4. The wireless data transmitting and receiving system according to claim 2, wherein the data receiving unit determines whether or not the rotation angle is acceptable based on the signal regarding the rotation angle received by the receiving means, and has notifying means that notifies the determination of the acceptance or nonacceptance.

5. The wireless data transmitting and receiving system according to claim 2, wherein storage means that accumulates the signal regarding the rotation angle detected in the rotation angle sensor is included in any one of the data transmitting unit and the data receiving unit.

6. The wireless data transmitting and receiving system according to claim 2, wherein the rotation angle sensor is an encoder, a gyro sensor, a photo interrupter, or a magnetic sensor.
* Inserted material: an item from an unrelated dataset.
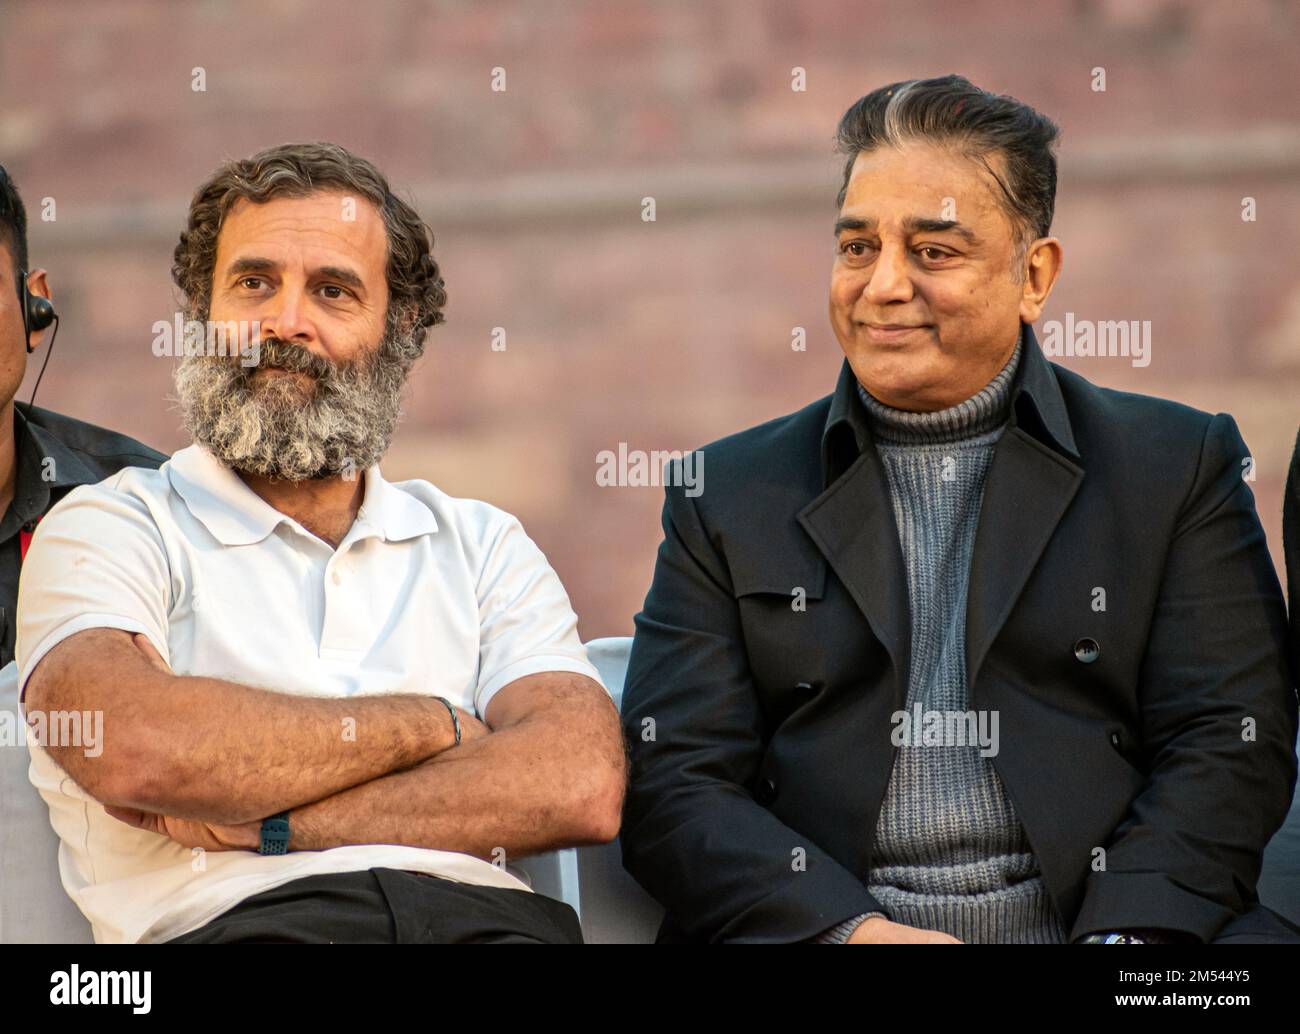 New Delhi, India. 24th Dec, 2022. India's main opposition, Indian National Congress party leader Rahul Gandhi along with Actor kamal Hassan at the Red Fort during the ongoing Bharat Jodo Yatra (Unite India March) in the old quarters of Delhi, India, December 24, 2022. (Photo by Mohsin Javed/Pacific Press) Credit: Pacific Press Media Production Corp./Alamy Live News Stock Photo

7. The wireless data transmitting and receiving system according to claim 1, wherein the data receiving unit is fixed to a body of the tightening machine.

8. The wireless data transmitting and receiving system according to claim 1, wherein the data receiving unit is disposed on a body side of the tightening machine or inside a housing on a power wire that supplies power to the body, and includes, inside the tightening a machine or the housing, a control circuit that controls a power machine rotating the rotary shaft, the control circuit being electrically connected to the receiving means to control the power machine based on the signal regarding the torque received by the receiving means.

9. The wireless data transmitting and receiving system according to claim 1, wherein the data receiving unit determines whether or not the torque is acceptable based on the signal regarding the torque received by the receiving means, and has notifying means that notifies the determination of the acceptance or nonacceptance.

10. The wireless data transmitting and receiving system according to claim 1, wherein the data transmitting unit has a plurality of antennas.

11. The wireless data transmitting and receiving system according to claim 1, wherein storage means that accumulates the signal regarding the torque detected in the torque sensor is included in any one of the data transmitting unit and the data receiving unit.

12. The wireless data transmitting and receiving system according to claim 1, wherein the rotary shaft includes an inner shaft and an outer shaft rotatable in a reverse direction to each other, and the data transmitting unit is disposed in any one of the shafts.

13. The wireless data transmitting and receiving system according to claims 1, wherein the data transmitting unit is detachable.

14. The wireless data transmitting and receiving system according to claim 1, wherein the data transmitting unit has identification means for identifying its own machine with data receiving unit.

15. The wireless data transmitting and receiving system according to claim 1, wherein a deceleration mechanism is disposed between the rotary shaft and the power machine, and the rotation is transmitted from the power machine to the rotary shaft through the deceleration mechanism.

16. The wireless data transmitting and receiving system according to claim 1, wherein the torque sensor is a strain gauge.